Под этой откровенно травестийной формой скрывается более глубокая метатема о неоднозначности культурной трансмиссии. Если образ России, который лелеют швейцарские гувернантки в своем «изгнании» на берегу Женевского озера, резко отличается от того, который сохранился в памяти рассказчика, то и представление о Франции и всем французском в сознании русских не совпадает с представлениями европейцев. Описывая литературные вкусы своей семьи и то, на каком французском языке было принято говорить у них за обеденным столом, а также останавливаясь на отдельных французских выражениях, которые бытовали в русских семьях из поколения в поколение, Набоков подчеркивает, что Мадемуазель, как носительница французского языка и французской культуры, во многом оставалась «за пределами этой франко-русской традиции», «будто говорили здесь на некоем странном диалекте, слишком провинциальном, слишком простецком для ее вкуса» (30).

Эта множественность образов одной страны, подвергшейся искажению и мифологизации через наложение различных восприятий (в том числе памяти, ностальгии, стороннего взгляда и культурных источников), в конечном счете указывает на неоднозначность опыта изгнания самого по себе. Акцент на особенностях культурного прочтения друг друга Францией и Россией исчез из английских переводов рассказа, где Набоков уже не ставил перед собой цель «возродить для собственного своего удовольствия, а также в знак посмертной признательности, все те нюансы, которые ее французский язык внес в мою жизнь в России» (8).

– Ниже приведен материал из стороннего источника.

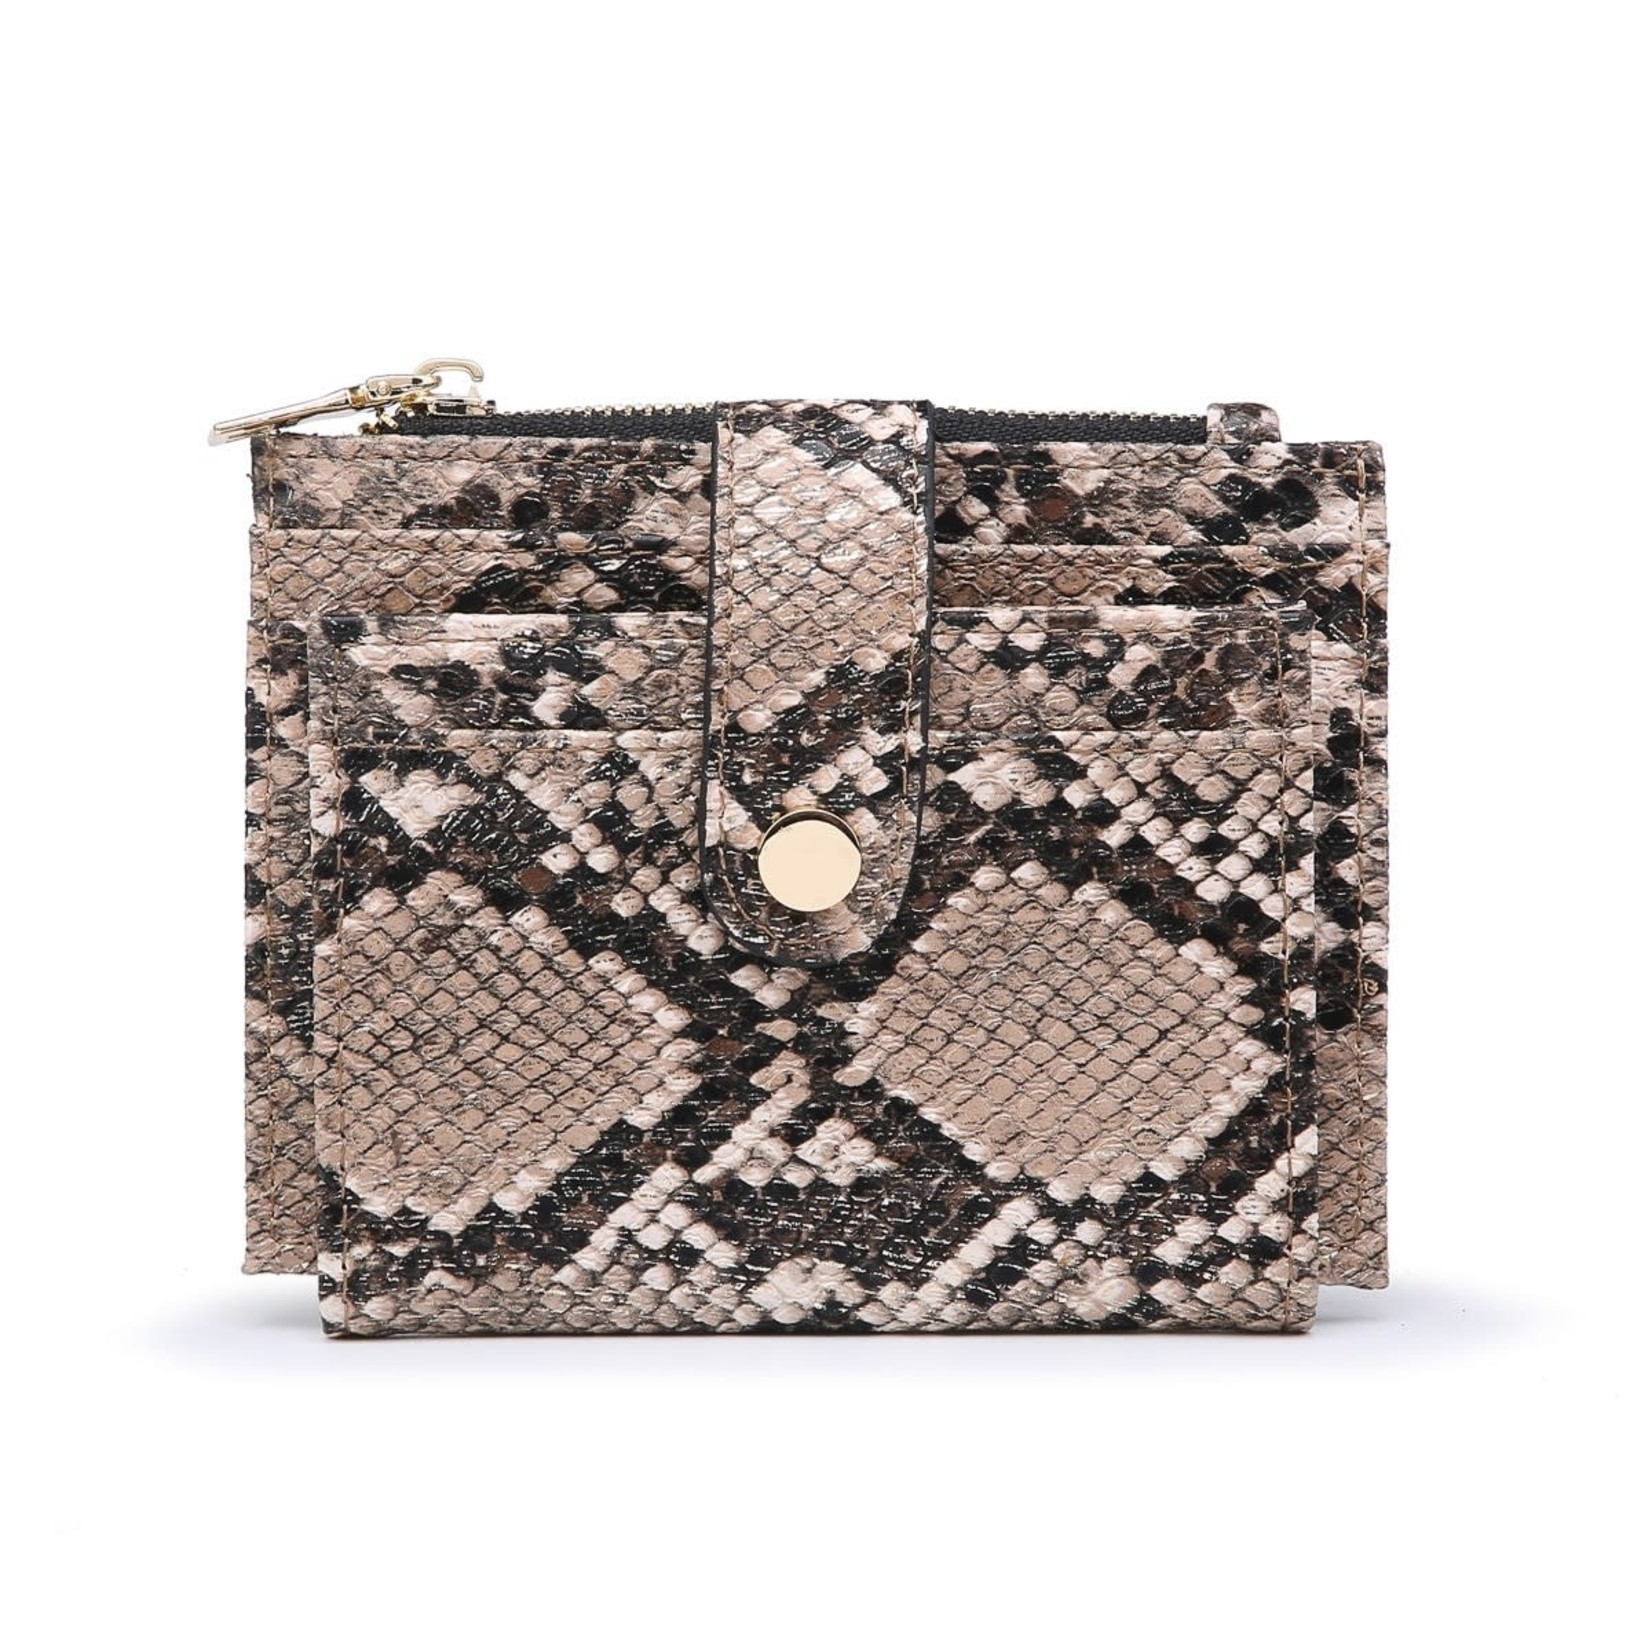 Bronze Python Wallet/Credit Card Holder in Vegan Leather

В произведениях других авторов набоковского поколения возникает совсем иная, скорее антиутопическая картина детства. Герой романа Поплавского «Домой с небес» так подытоживает неизлечимую травму, полученную в ранние годы: «Вся моя жизнь – это вечное не пустили, то родители, то большевики…»[687] На первых же страницах романа «Ангел смерти» Одоевцева бросает вызов формуле счастливого детства, задавая тон, который сохранится и в ее более поздних произведениях. «Значит, кончено детство. Что ж, и слава Богу. Не жалко. Это все выдумки про “золотое детство”»[688], – заявляет четырнадцатилетняя Люка, которая растет в Париже в типичной семье беженцев. Ее детские годы отмечены поспешным бегством из родного дома в России, и основное ее воспоминание об этом периоде – о повешенном ею (чтобы не оставлять на милость большевиков) котенке. Сцена эта не снабжена никакими эмоциональными комментариями и показывает, как мастерски Одоевцева умела изображать разрушительное воздействие революционного террора на человеческую душу в минорном ключе. Лиза, героиня второго романа Одоевцевой, «Изольда», тоже отказывается видеть в детстве идиллию: «Я все думаю, как должно быть тяжело и отвратительно жить, если детство самое лучшее. А дальше будет еще хуже»[689]. В произведениях Одоевцевой, написанных до Второй мировой войны, возникают мертвые или бросившие детей матери, злобные мачехи и неблагополучные семьи всех мастей. В ее творчестве несчастливое детство становится проявлением общего трагизма бытия и вместе с тем – трагедии эмиграции[690].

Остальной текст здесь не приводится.